▶ Work item: Here is a block of records. Copy every line in it that includes "Dennis".
-- Exercise inputs follows --
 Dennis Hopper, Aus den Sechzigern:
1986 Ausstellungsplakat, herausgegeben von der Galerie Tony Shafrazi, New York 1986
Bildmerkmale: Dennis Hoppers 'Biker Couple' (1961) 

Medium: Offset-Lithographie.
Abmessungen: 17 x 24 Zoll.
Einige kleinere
-- Exercise inputs concluded --
-- Exercise inputs follows --
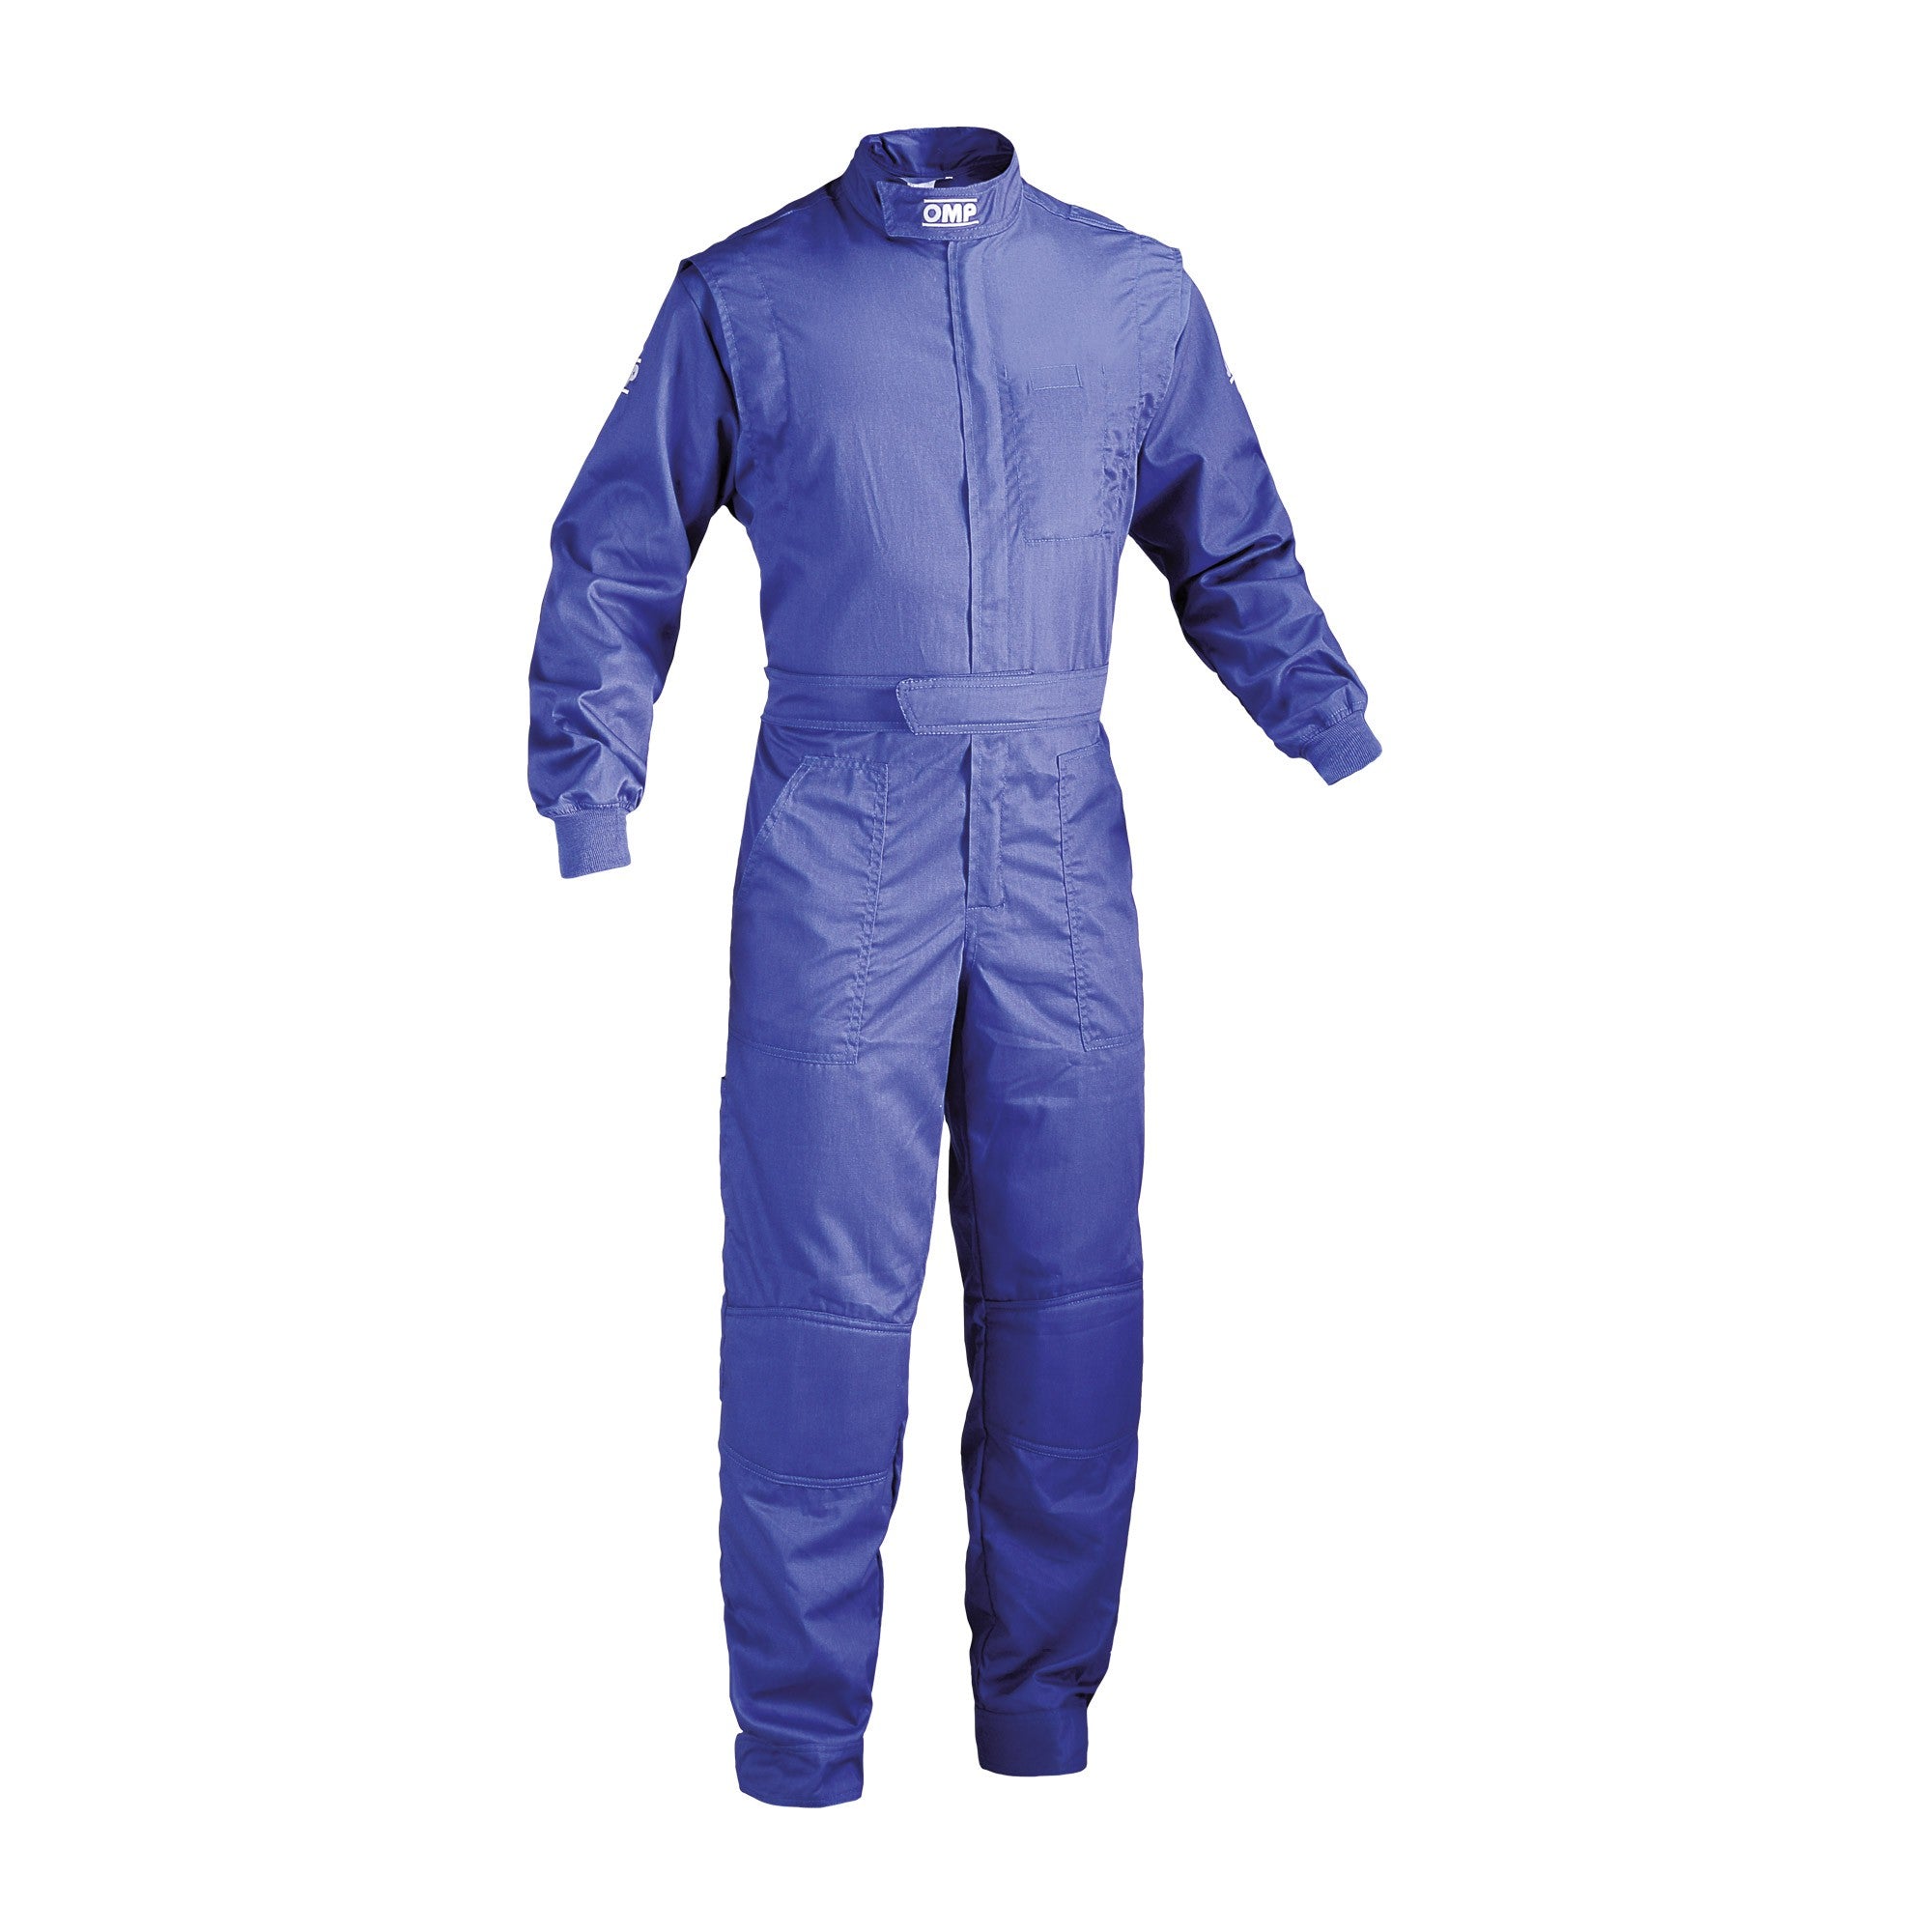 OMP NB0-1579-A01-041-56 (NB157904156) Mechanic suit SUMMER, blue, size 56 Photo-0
-- Exercise inputs concluded --
▶ Task output:
 Dennis Hopper, Aus den Sechzigern:
Bildmerkmale: Dennis Hoppers 'Biker Couple' (1961) 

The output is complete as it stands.